We are losing the ability to enjoy important moments - This photo makes it clear
Young people who lose their life trying to take daredevil "high risk" selfies, people with problems of neck pain, and insomnia related to the excessive use of smartphones! What other signals are we waiting to see in order to understand that we are definitely exaggerating?
The intensive use of smartphones is dangerous, but what is sadder is that we do not even notice what we are missing or losing because we are always holding a smartphone in our hands.
We live in the most "connected" era of all time, yet all too often we feel alone. We are missing out on reality, which we confuse with what is happening on a screen.
To show how much we have lost contact with real life is this photo posted on Twitter by photographer Miguel Ángel Morenatti, but taken by photographer John Blanding.

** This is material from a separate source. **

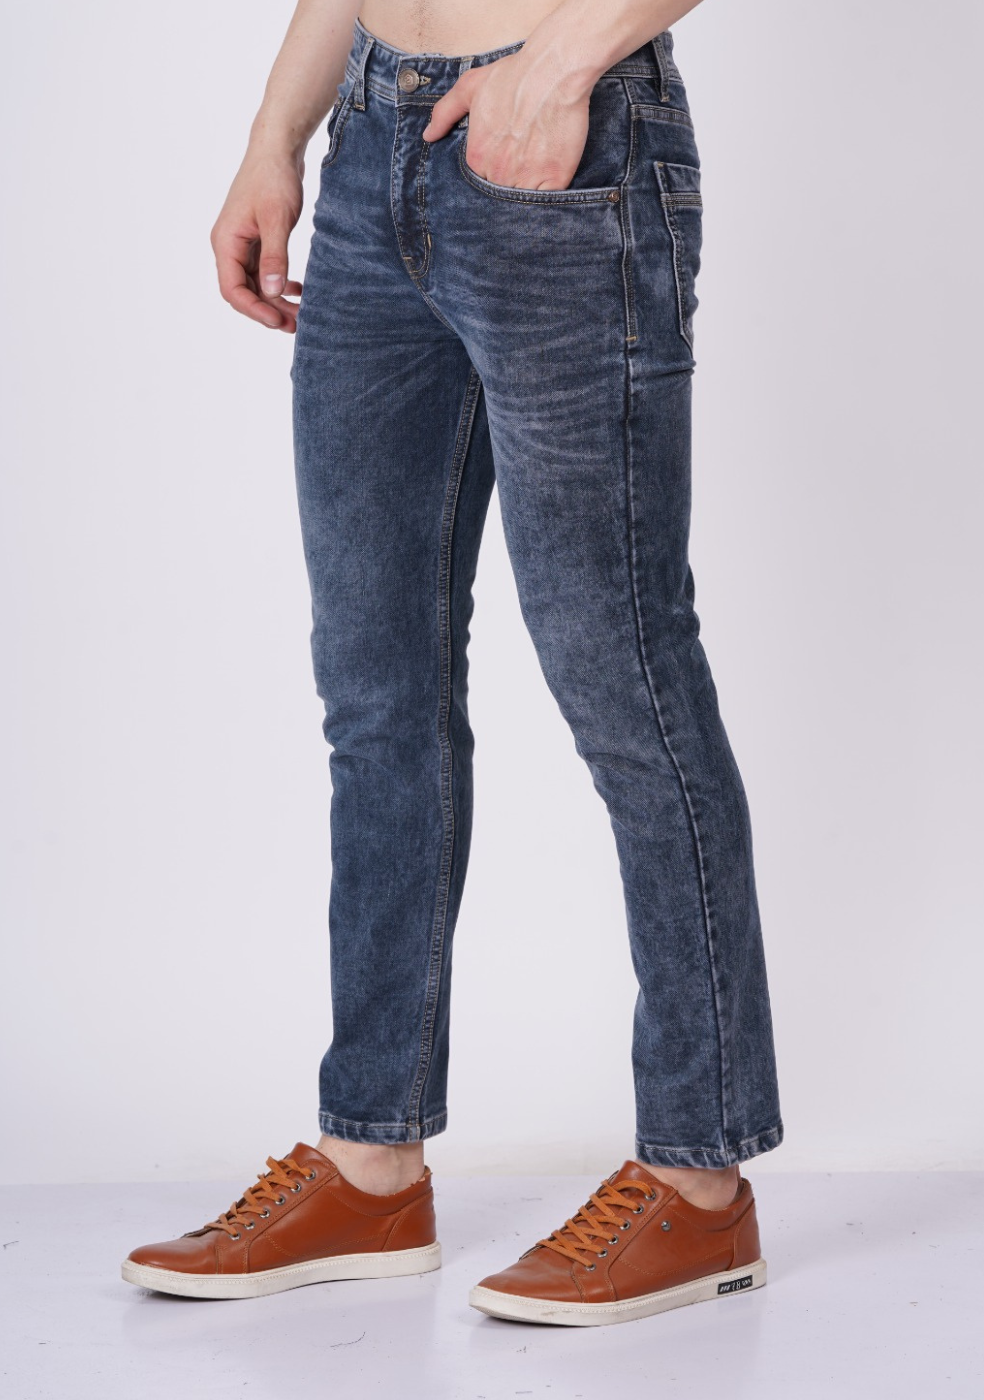 men's gray denim jeans

Everyone is watching what is happening on the bright screen of their smartphones --- everyone except an elderly woman in the front row.
John Blanding
The elderly lady is not holding a smartphone in her hands, perhaps, she does not even own one. She is leaning on the barrier rail with her hands folded like someone who wants to enjoy the moment. Around her, the crowd screams, shouts, and probably knows much better what is happening, or who that famous person is --- yet, despite the greater involvement, no one is looking where they should! Their eyes are only looking at their screens on which they are probably taking a picture or recording a video.
"We are losing the ability to enjoy the important moments", wrote the photographer Miguel Ángel Morenatti on a tweet that has gone viral. Apparently, just to be able to take the perfect picture, we are willing to miss the real moment.
At this point, it would be useful to understand what is more durable over time, the digital image captured by a smartphone or the mental image which is a memory recorded through our eyes and ears? And if the smartphone memory card were to fail and we lost all the photographs?
Probably we would not remember anything at all because we were always too busy trying to take a better photo, without appreciating reality for what it is and for how it happens right in front of our eyes.